Il 2015 è il mio anno! Me lo sono giurata, promettendomi che – per una volta – non avrei messo sempre gli altri al primo posto ma che, finalmente, sarei stata io la mia priorità.
Io con le mie esigenze, le mie passioni e con tutto ciò che mi fa sentire bene!
Così, a seguito di un incessante azione di “stalking” nei confronti di uno dei miei Chef prediletti, sono riuscita a farlo capitolare e a convincerlo a darmi lezioni di cucina – riprendendo le basi, acquisendo piccoli trucchi e perfezionando ricette.
Ah, lo Chef in questione è Michele Sana, attualmente responsabile dei fuochi del ristorante Porta Osio di Bergamo, già braccio destro dello stellato Ezio Gritti, ai tempi d’oro de L’Osteria di via Solata e ancor prima di Chef Fabrizio Ferrari, all’epoca in cui il Roof Garden brillava nel cosmo delle Stelle Michelin.
Così, si comincia! Prima lezione: “Risotto”.
Diciamocelo… Volevo iniziare facile, puntando su qualcosa che credevo di saper cucinare e che mi avrebbe permesso di terminare il primo incontro saltellando! Appunto! CREDEVO…
Posso solo dirvi che tra l’aver preparato un brodo salatissimo e aver affettato uno scalogno da perfetta imbranata, la mia autostima e le mie convinzioni sono state prese a martellate dalla dura e inesorabile realtà!
Cercando dunque di rimuovere dai miei ricordi questa triste sensazione, ecco che cosa mi ha insegnato Michele, rispetto a un risotto perfetto:
Innanzitutto, ovvio, la materia prima. Poche storie: la varietà di riso per risotti è il Carnaroli poiché – per il contenuto di amido, la consistenza più soda e la lunghezza del chicco – tiene meglio la cottura rispetto le altre scelte.
Sulla stagionatura abbiamo due scuole di pensiero: per taluni, è fondamentale che il riso scelto abbia una stagionatura non inferiore ai 22 mesi.
Per altri, come Riserva San Massimo – marchio utilizzato dai maggiori Chef stellati – quella della stagionatura è solo una leva di marketing, soprattutto in virtù del fatto che il riso è un cereale e come tale va venduto fresco. Sono fattori come la biodiversità, l’impiego di componenti naturali, l’essicazione effettuata a gas e a bassissima temperatura, il tipo di confezionamento in azoto, i controlli e soprattutto il totale rifiuto di utilizzo di concimi chimici e insetticidi a contribuire all’eccellenza del prodotto.
La cucina si evolve come il resto del Mondo… le tecniche che quindi ritenevamo come intoccabili e inossidabili sono invece per lo più superate.

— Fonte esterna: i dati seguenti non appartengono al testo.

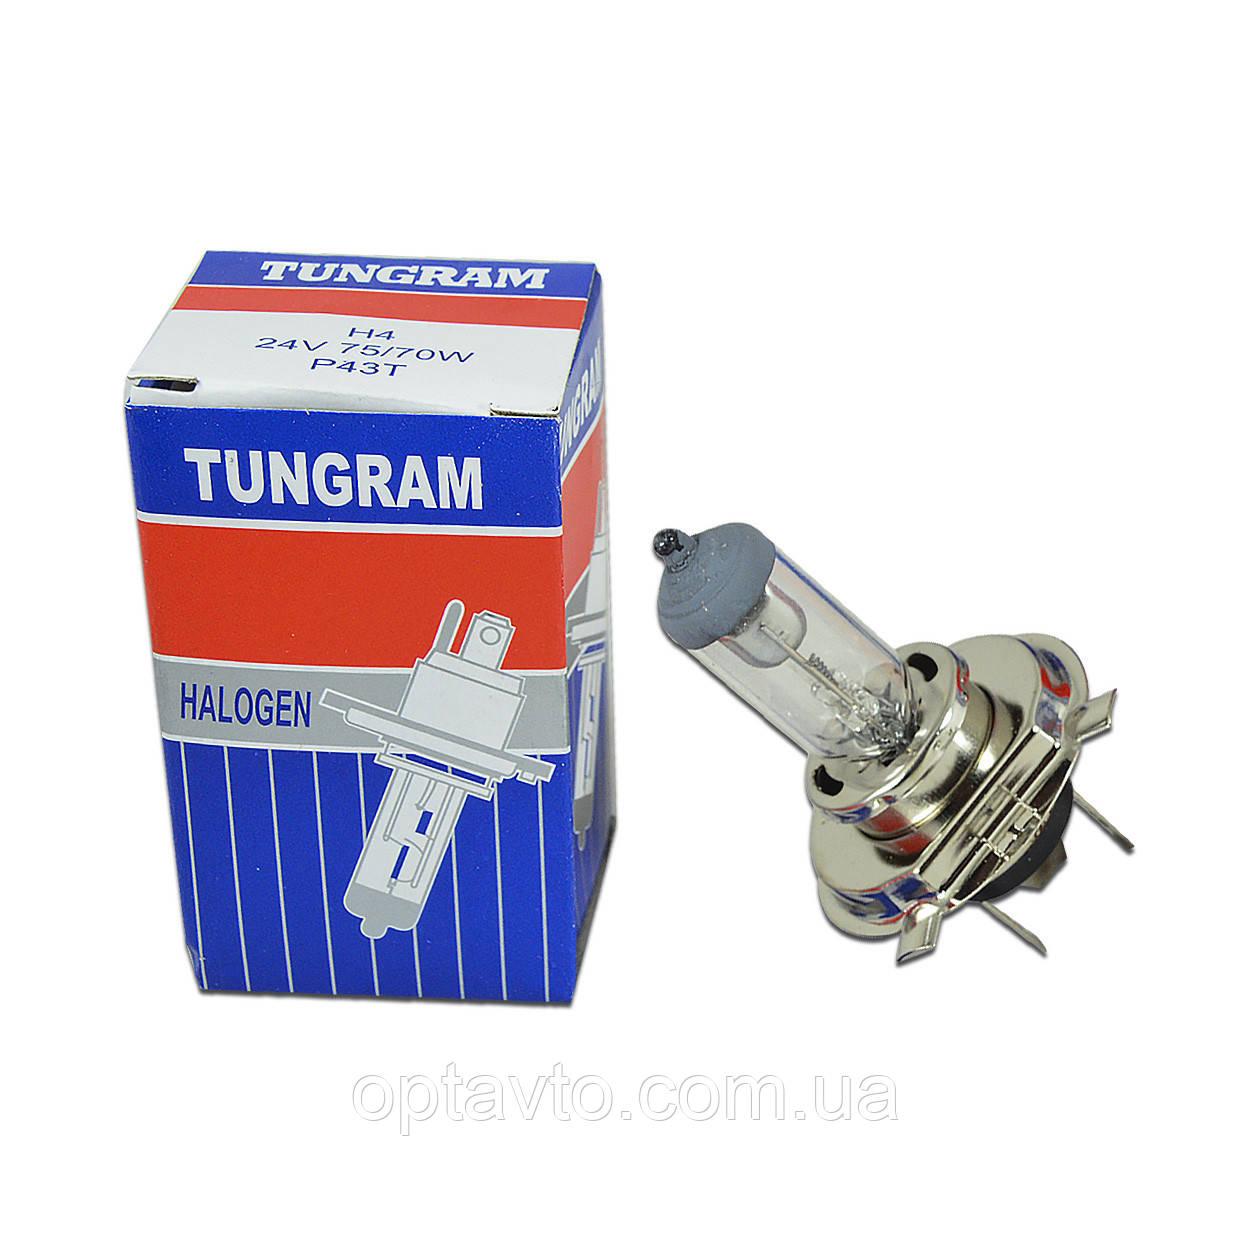 Грузовик H4 24V 75/70W  P43t Лампа TUNGRAM Strong Ligt
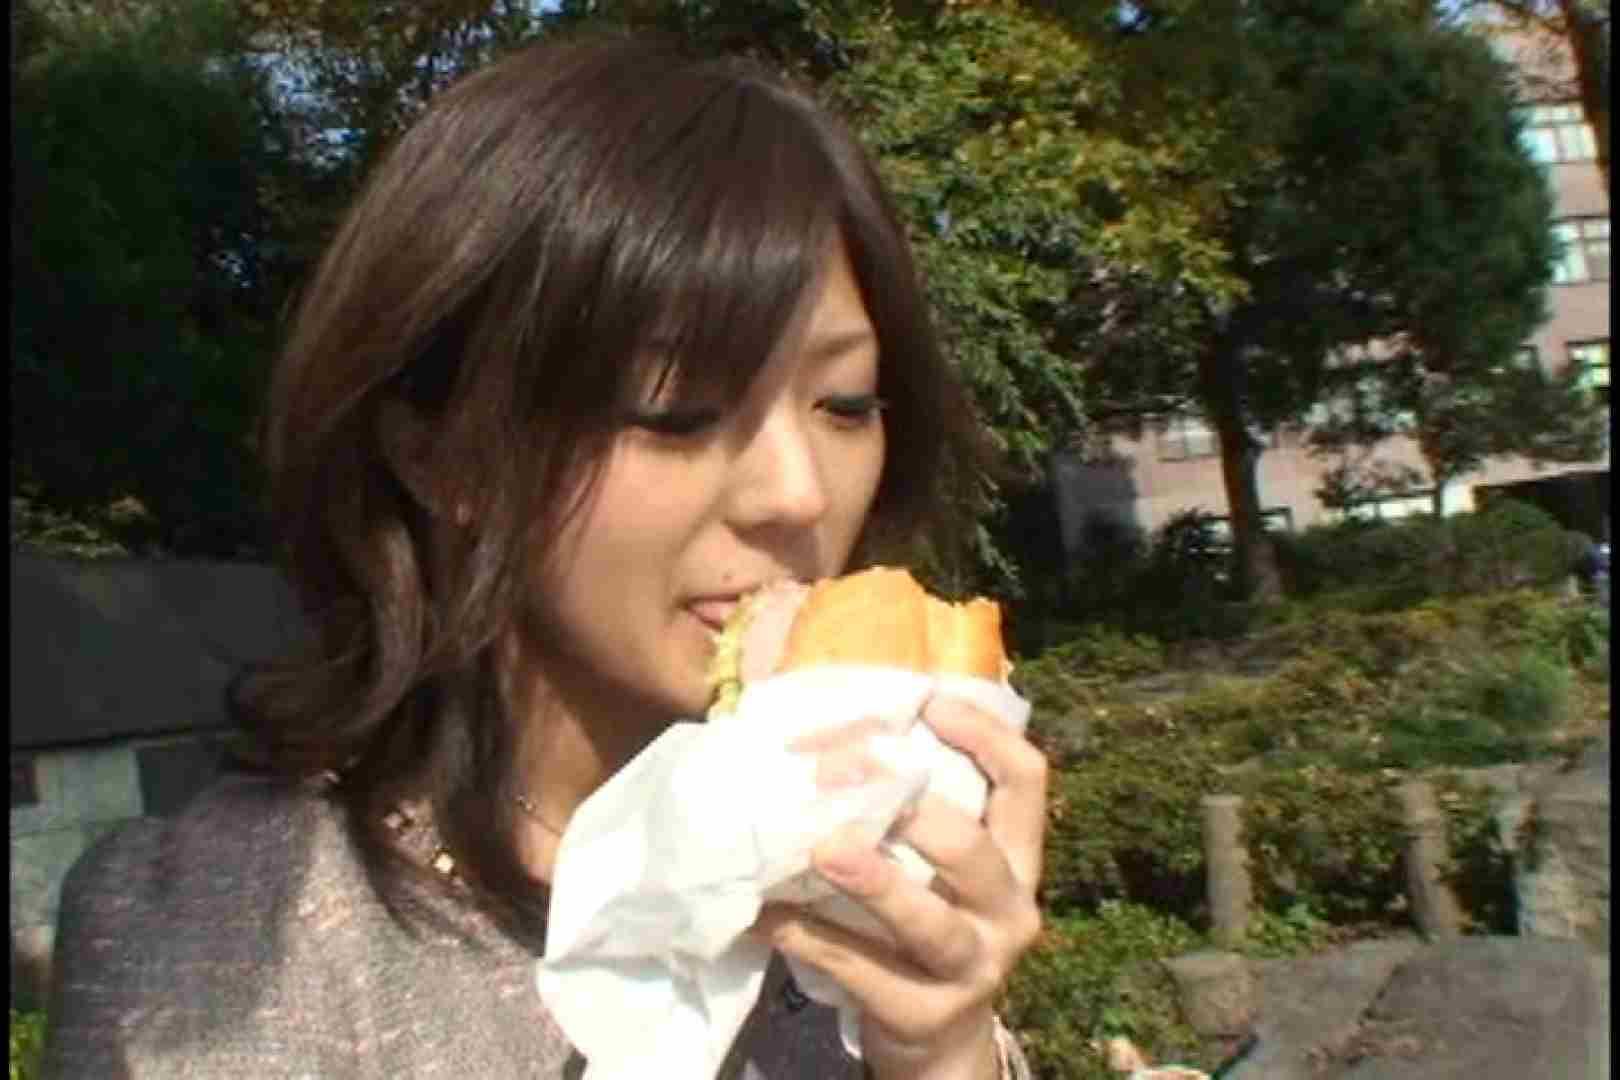 JDハンター全国ツアー vol.035 前編 女子大生のエロ動画 | 0  110PIX 37

Il materiale del tegame è essenziale: rame stagnato, copper o alluminio con fondo di 3/5 mm, per stimolare la corretta conduzione di calore.
Il brodo non deve essere praticamente salato poiché sobbollendo ed evaporando, diverrà mano a mano sempre più sapido. Meglio rimanere scarsi di sale e aggiungerne – piuttosto – in fase di cottura.
Prendiamo il caso del soffritto; nella maggior parte delle preparazioni, ormai si evita. Si tende ovvero a esaltare la materia prima e la sua qualità: “della serie”, se utilizzate un buon Carnaroli – sarebbe un delitto oscurarne l’essenza. In fase di soffritto è corretto utilizzare l’olio EVO, piuttosto che un grasso animale.
La tostatura del riso rappresenta una fase fondamentale del procedimento: bisogna attendere che il “chicco canti” e che rilasci un leggero sentore di pop corn.
Sfumare il riso con il vino bianco non è più obbligatorio. Obbligatorio è invece mantenere una fiamma medio-alta e irrorare di brodo nella giusta quantità: tre mestoli per volta sono una buona soluzione per far sì che gli amidi rilascino nella maniera corretta.
Se irrorerete nella maniera corretta il vostro risotto – non lasciandolo mai asciugare – non avrete praticamente mai bisogno di girare con il cucchiaio di legno.
La mantecatura rimane una delle operazioni più delicate e fondamentali: il risotto deve essere tolto dalla fiamma tendente al liquido; il burro deve essere aggiunto a fiocchetti a temperatura di frigorifero e successivamente gli altri componenti. E’ importante che l’operazione di mantecatura avvenga in maniera energica per dare aria al composto.
Il risotto perfetto rimane all’onda e non dovrà risultare tipo mattonella che mantenga la forma del coppapasta.
Piuttosto che il vino, per dare freschezza e una nota acida al risotto – in alcune ricette – è consigliabile aggiungere qualche goccia d’aceto bianco.
E ora ditemi: anche voi credevate di saper fare un risotto?